▼▼▼
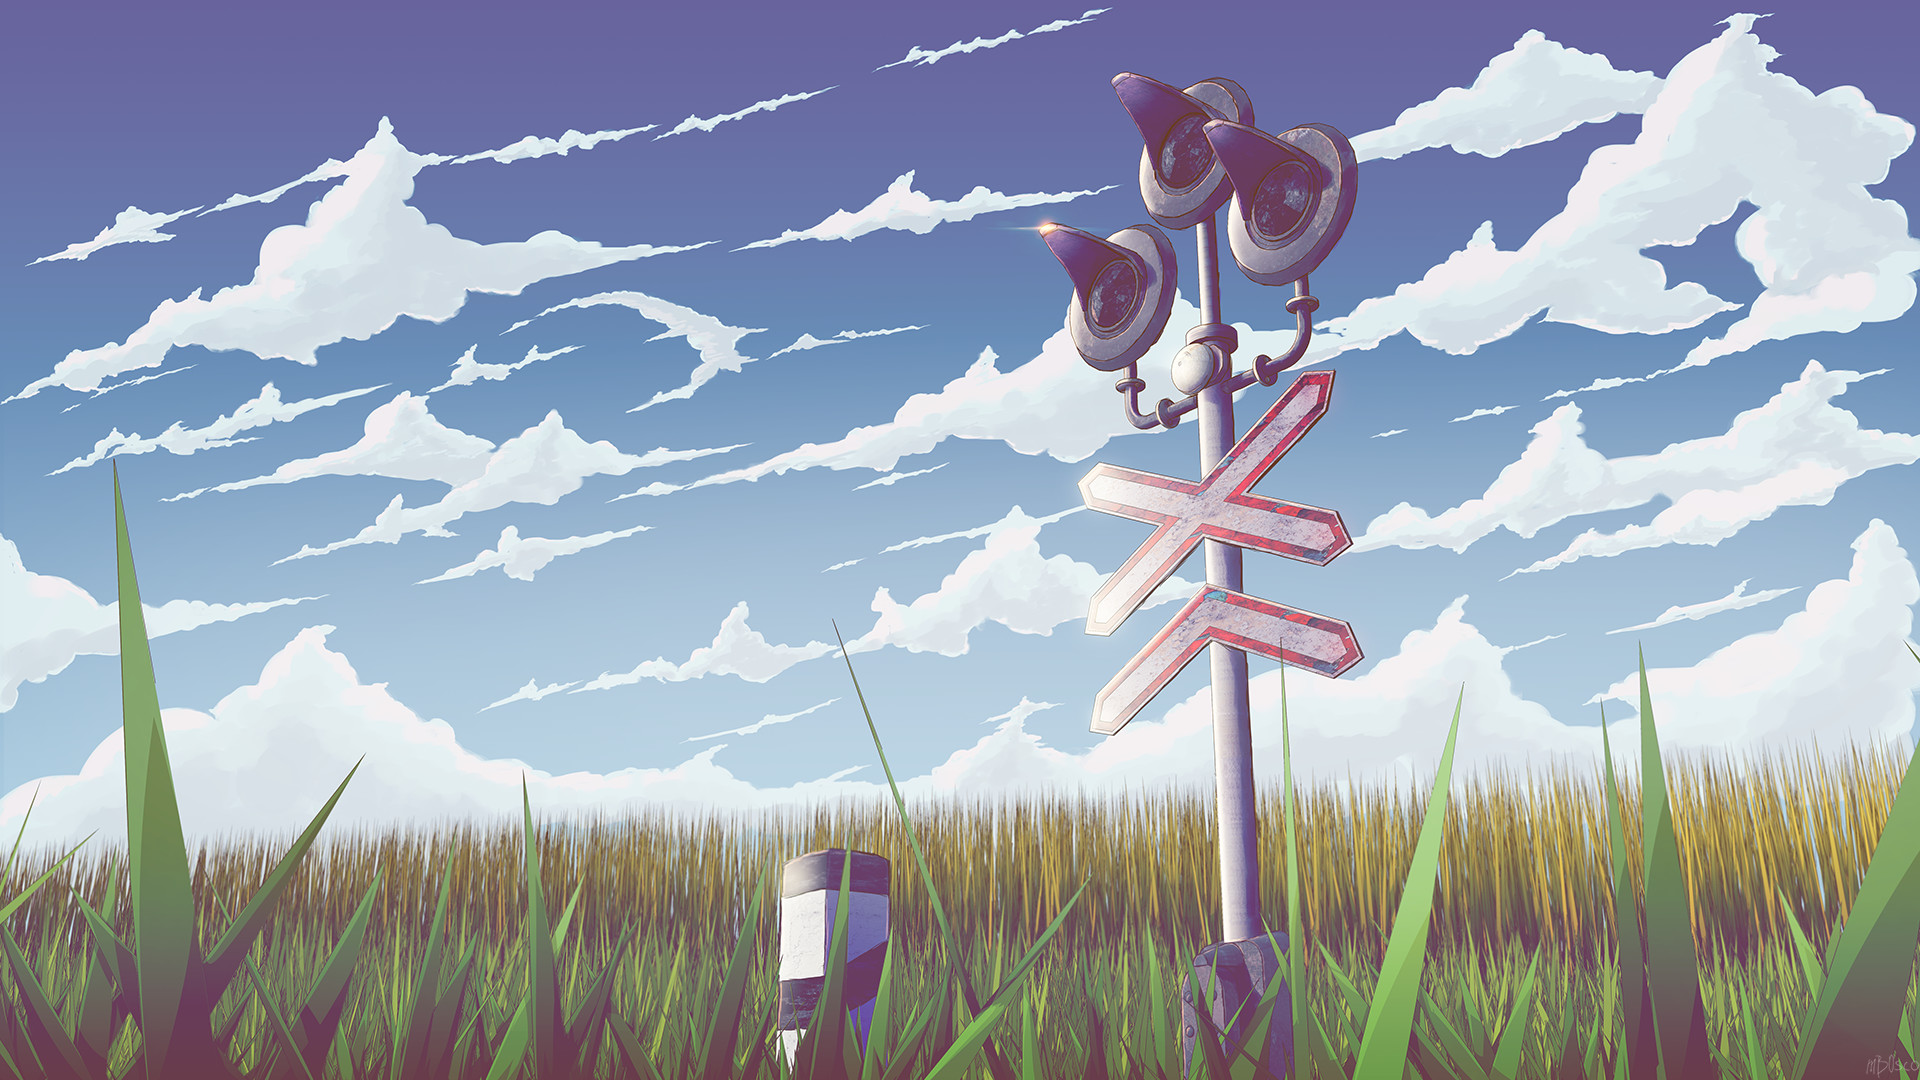 Anime 1920x1080 Bogdan mB0sco digital art clouds grass railway
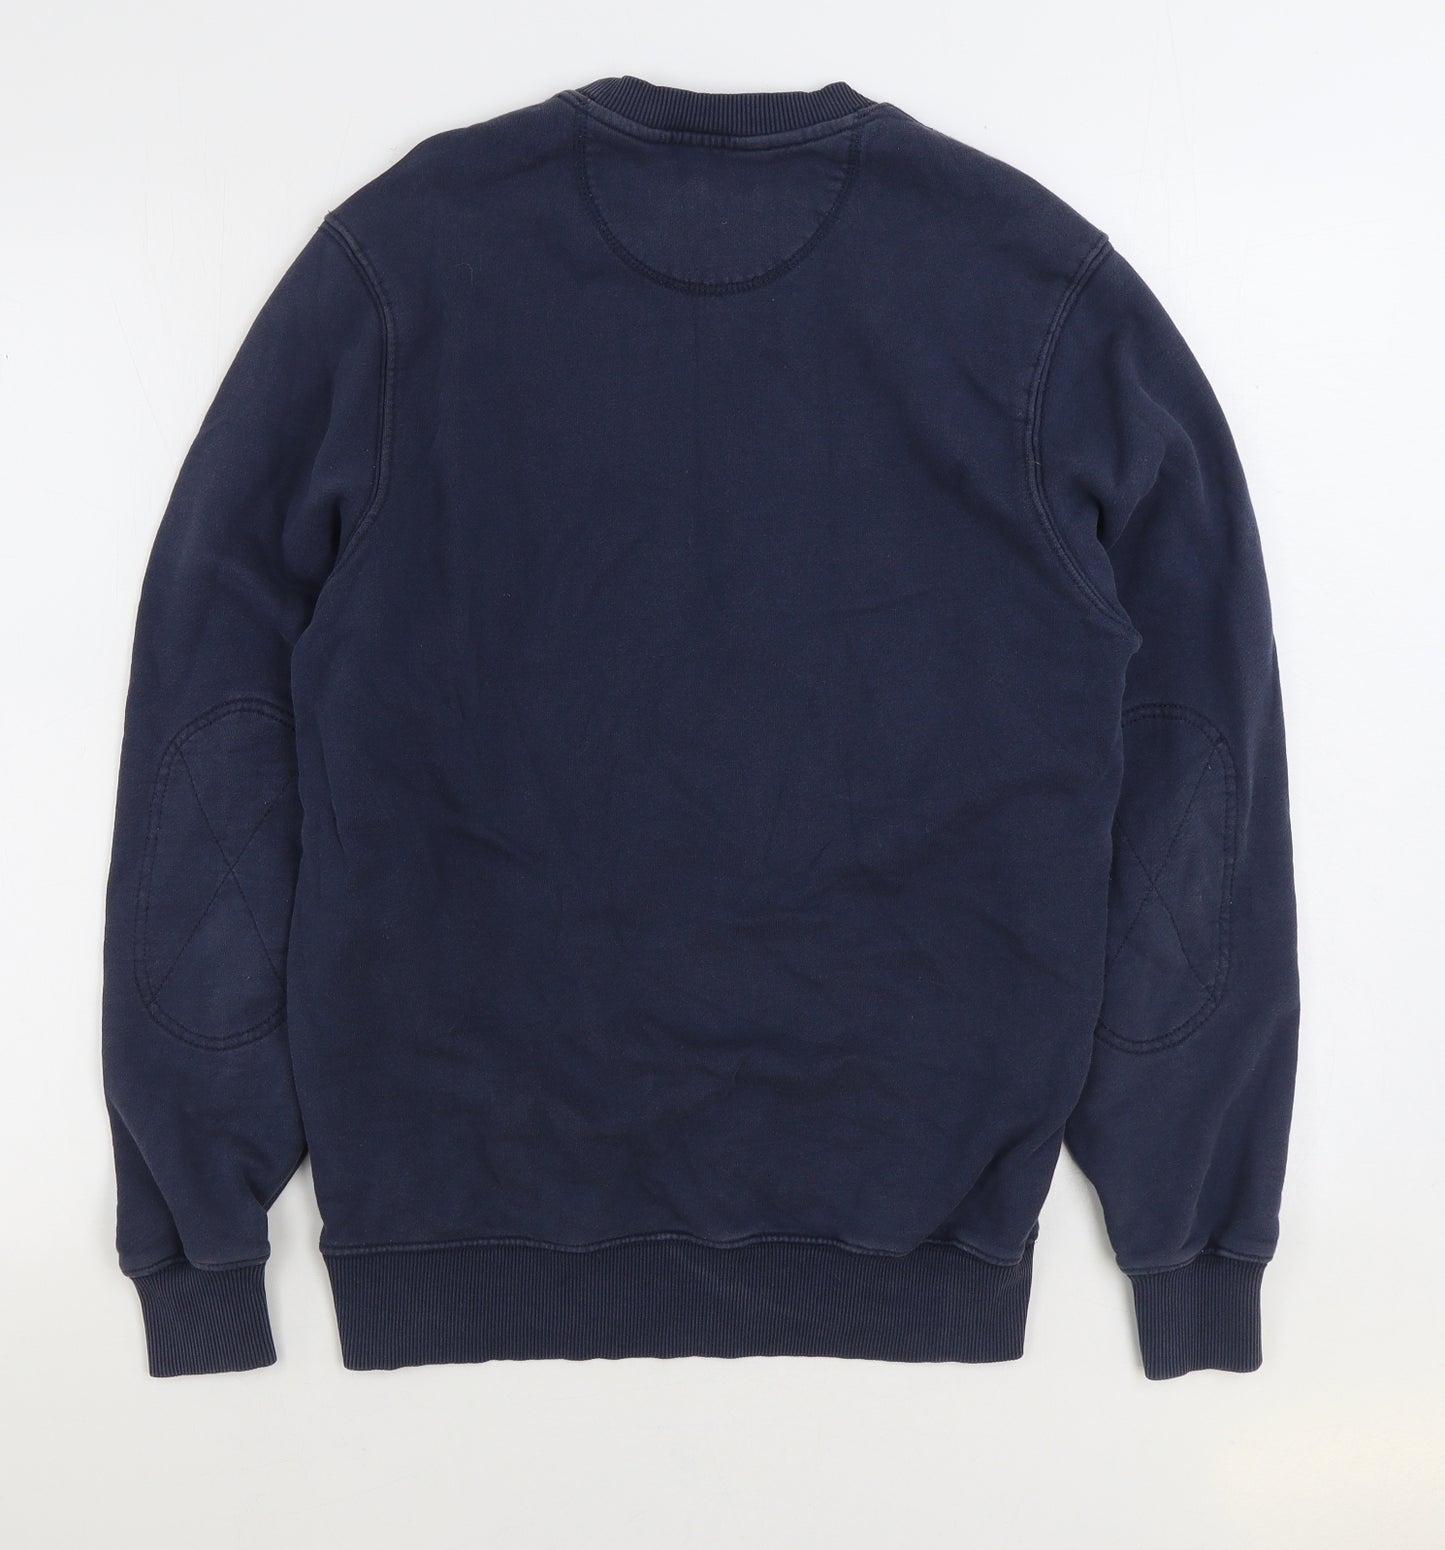 Farah Mens Blue Cotton Pullover Sweatshirt Size S
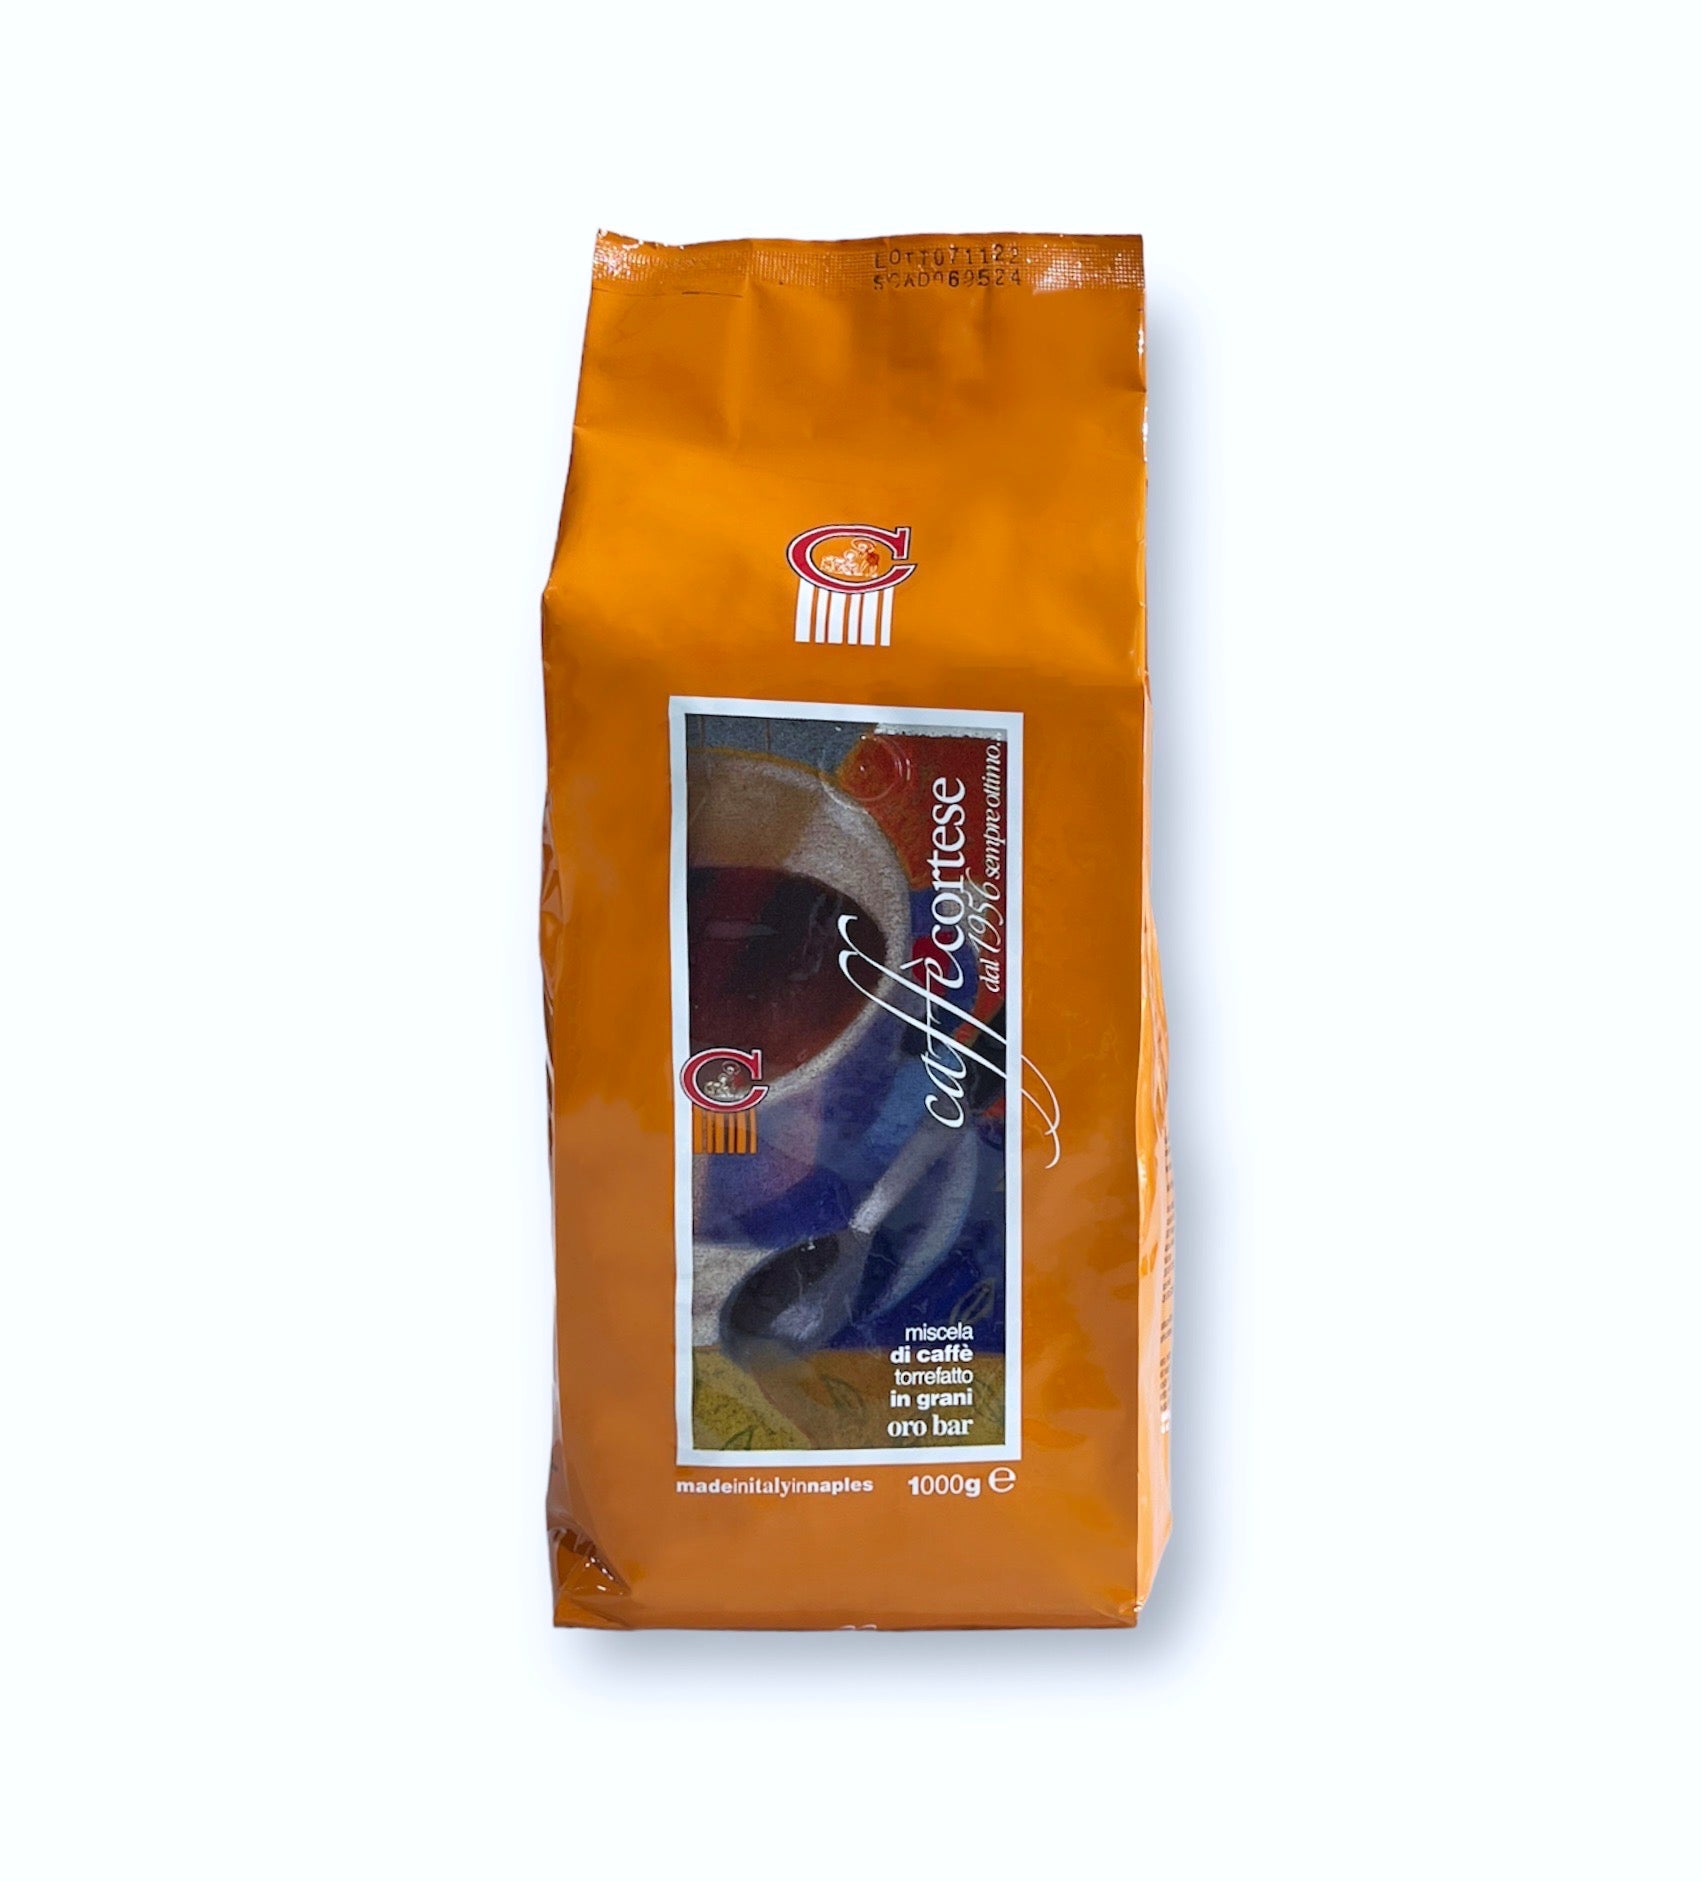 Caffe Cortese 1000g *Orange Bag*
▲▲▲
**What is needed:** Here the requirement is to restate exactly the line holding "Farah Mens Blue" and every later line through the end of the material, omitting pictures.

**Response to this exercise:**
 Farah Mens Blue Cotton Pullover Sweatshirt Size S
 Caffe Cortese 1000g *Orange Bag*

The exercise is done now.